Figure 3Assessment of microhomology at 5′ and 3′ breakpoints
(A) A schematic representation of the genomic region of exon 13 to exon 12 CHM (5′→3′) (B and C) The 5′ and 3′ breakpoint regions of the inverted duplication event were assessed for the presence of microhomology using multiple sequence alignment of the Cluster Omega tool. (B) Analysis of the reference fragment spanning the insertion site c.1510+693 and c.1510+694 (upper sequence) and the reference sequence spanning c.1510+402 (BP-5′, lower sequence) region showed a microhomology region of 8 nucleotides. (C) Analysis of the reference fragment spanning the insertion site c.1510+693 and c.1510+694, (upper sequence) and the reference sequence spanning c.1414−1244 (BP-3′, lower sequence) showed microhomology of 4 nucleotides. 60 bp reference sequences spanning each position were used as input. The start and end positions of the assessed sequences are provided. The reference sequence is indicated in black; the observed sequence as in family A is marked in red and green. Homology between the reference and observed sequence is shown with a vertical black line, and the regions of microhomology are highlighted in the yellow boxes.

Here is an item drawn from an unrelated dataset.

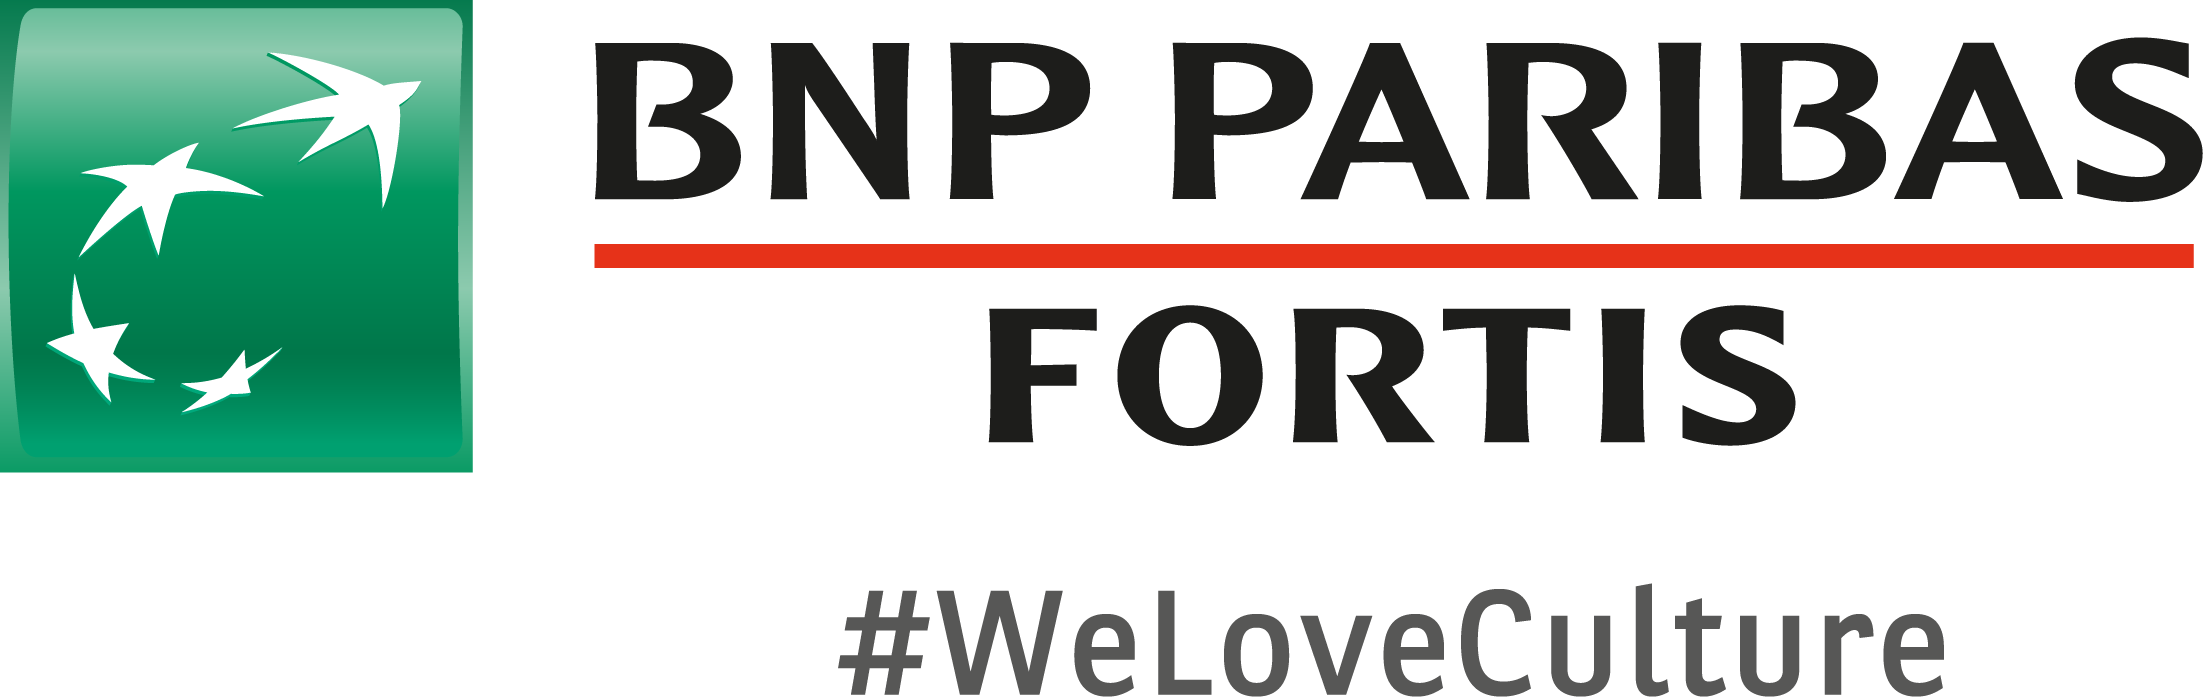 BNPPF_Logo_WeLoveCulture_Hor_sRGB.png

Figure 4A proposed FoSTeS/MMBIR mechanism underlying the origin of inverted duplication
(A) A schematic representation of the genomic region of intron 11 until intron 13 of CHM is shown as present on the reverse strand. The relevant nucleotides for the proposed model are depicted. A red dotted line represents the location of the sticky end break. (B) The proposed mechanism of the SV is illustrated, i.e., (1) the DNA polymerase synthesized the DNA from 5′ to 3′, (2) the polymerase stalls due to the sticky end break at position c.1510+693, and (3) template switching to the forward strand of CHM (indicated in red) occurs due to the presence of 8 bp microhomology. (4) The polymerase continues DNA replication of the strand and thereby generates the inverted duplication containing a second copy of exon 12. (5) A 4 bp microhomology region at position c.1414−1244 in the forward strand stalls the DNA replication, and (6) template switching occurs to the reverse strand. (7) The DNA mismatch repair mechanism completes the 3′ sticky overhang by 3′ flap cleavage and fill in synthesis leading to a 4 bp random nucleotide insertion. From there, (8) DNA replication continues in the original strand. (C) The resulting CHM allele, specific for family A, containing the inverted duplication is shown, occurring through the FoSTeS/MMBIR mechanism.
Figure 5Hairpin formation putatively underlying the observed CHM exon 12 skipping in mature mRNA
(A) Schematic representation of CHM exons 10 to 13 of the reference genome and the affected individual with the intragenic inverted duplication downstream of exon 12. (B) Enlargement of the hairpin stem at the basal part at the nucleotide level. The first base pair of the hairpin stem is assembled from c.1414−1243 to the 1,742nd nucleotide on the inverted duplication. The last nucleotide of the inverted duplication and 4-bp inserted sequence (highlighted in green) do not contribute to the hairpin stem. (C) Enlargement of the hairpin stem at the top part at the nucleotide level. The hairpin stem is terminated by the last base pair from c.1510+410 to c.1510+686 of wild-type sequence. The 274-nucleotide single-strand RNA starting from c.1510+411 till c.1510+685 is on the loop part of the hairpin structure.